● **Required action**
Exactly the lines from the one containing "engranage.STL Download free" through the final line of the data below, with pictures omitted, make up the answer.
--- Collected material Enclosed Below ---
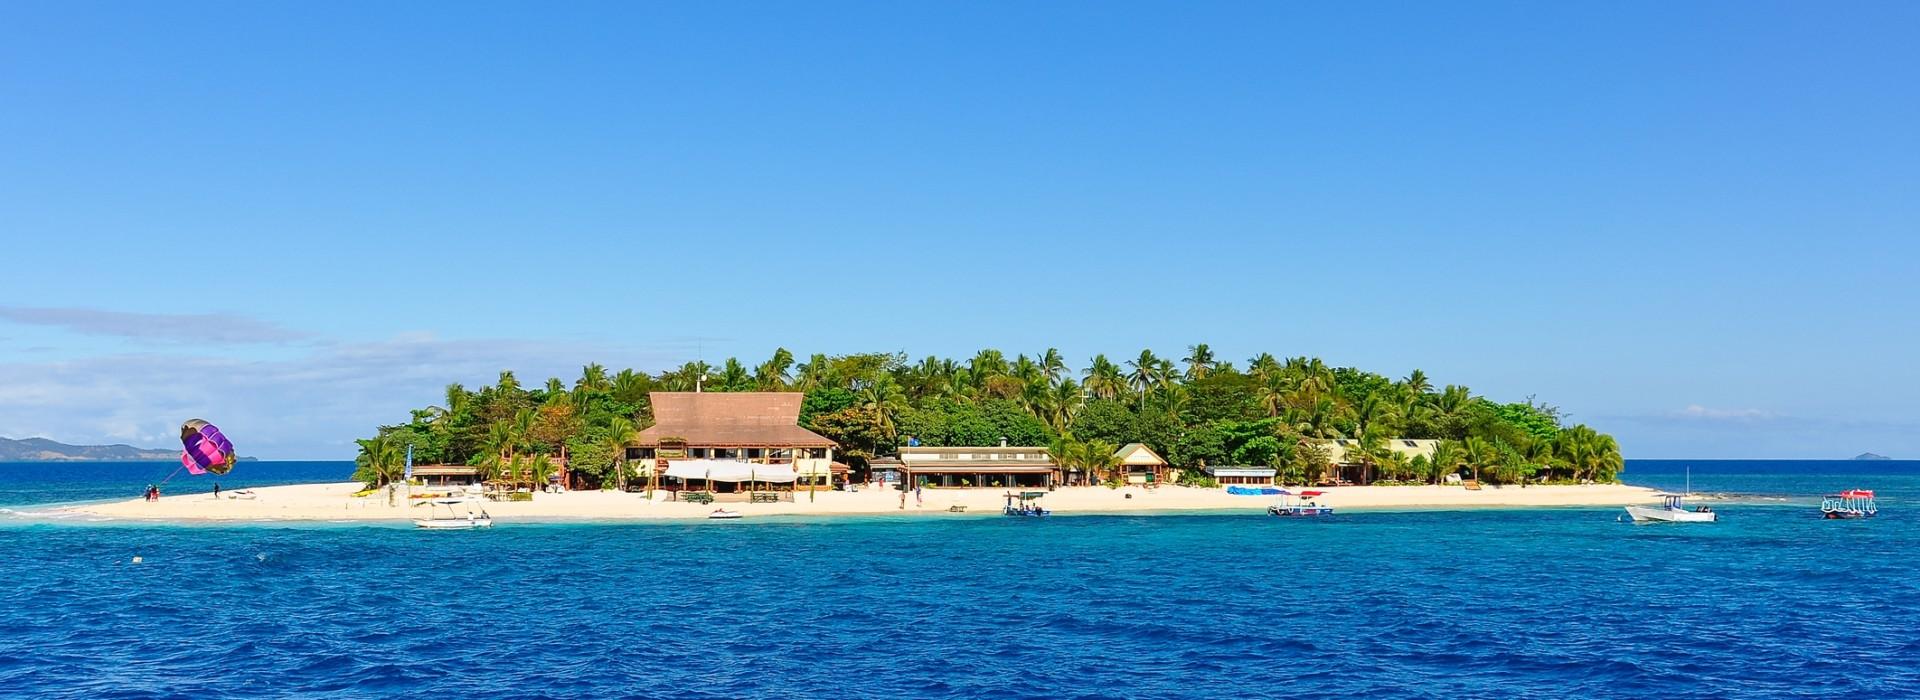 Fiji Tours and Trips to Fiji
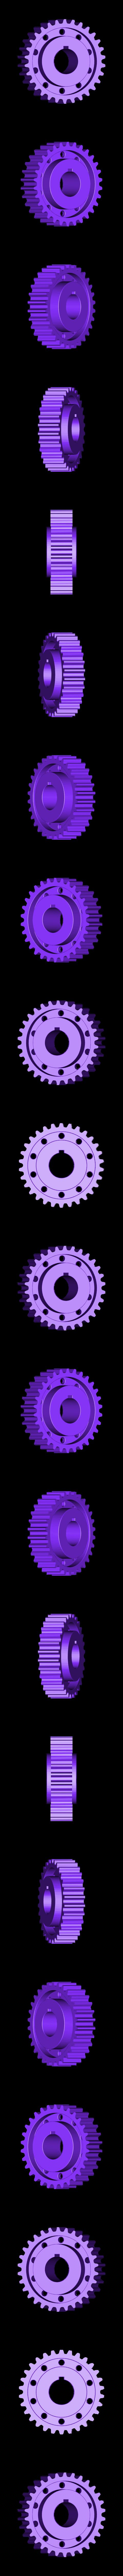 engranage.STL Download free STL file gear 30 teeth (gear 30 teeth) • 3D print design, jru
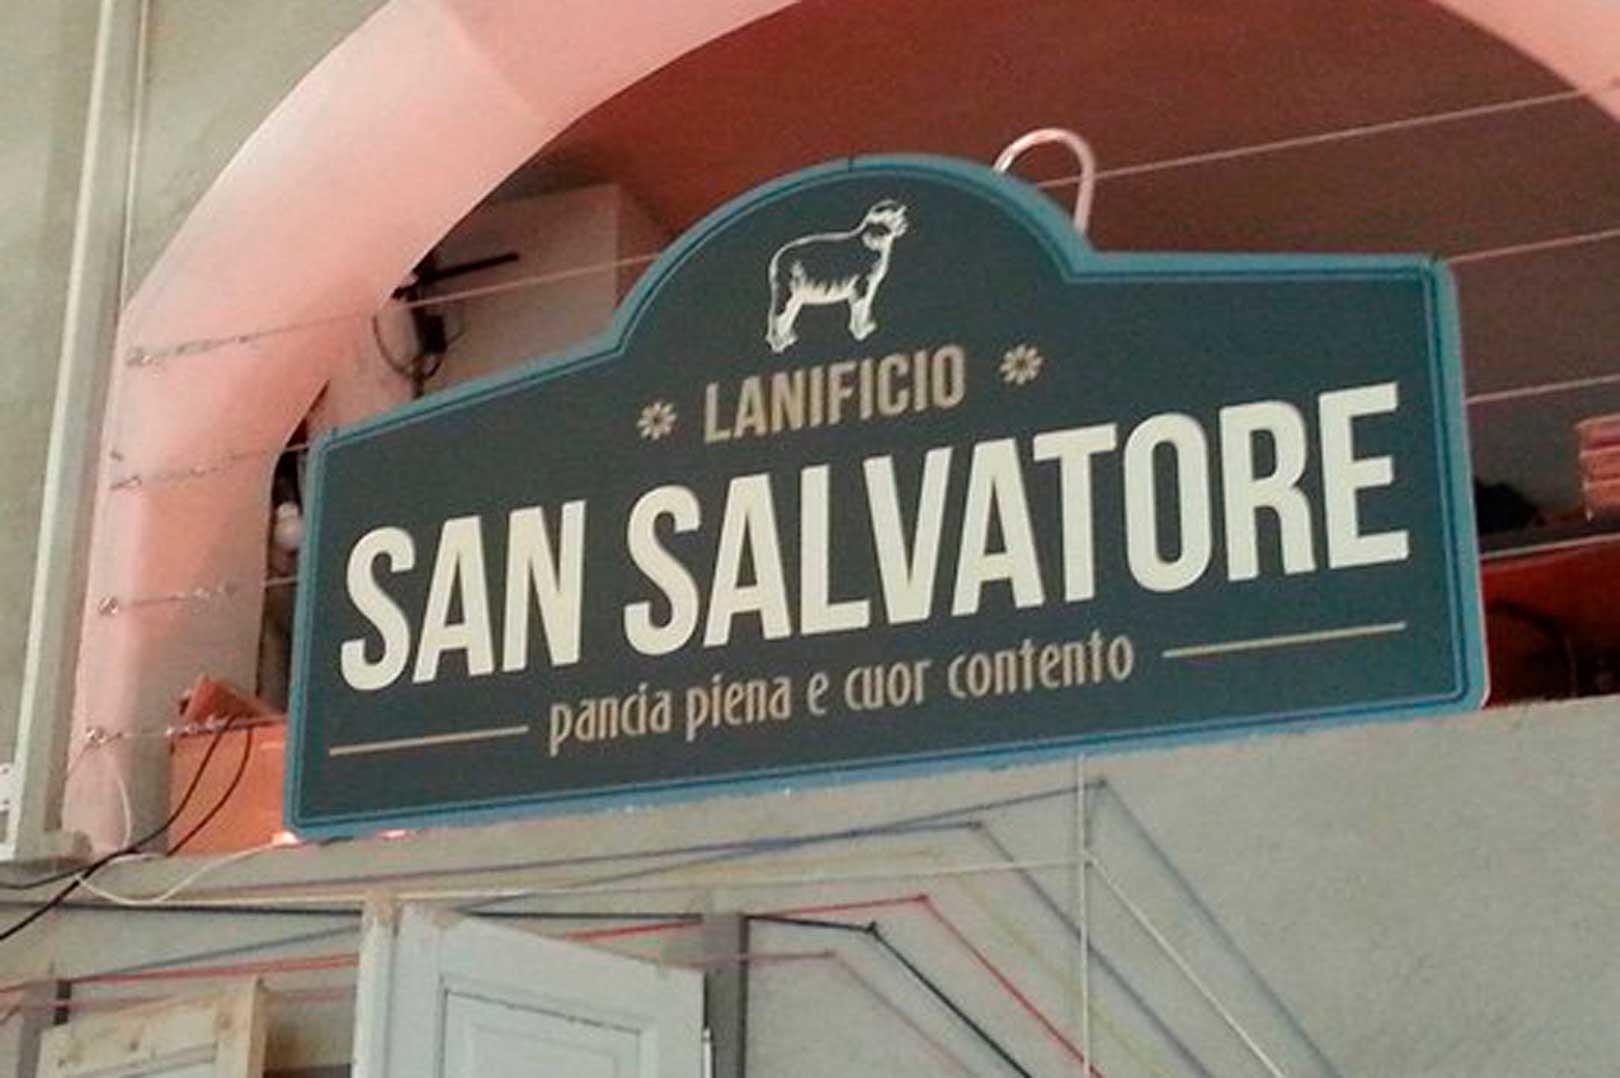 Lanificio San Salvatore - Torino
--- End of Enclosed Collected material ---
● **Response**
 engranage.STL Download free STL file gear 30 teeth (gear 30 teeth) • 3D print design, jru
 Lanificio San Salvatore - Torino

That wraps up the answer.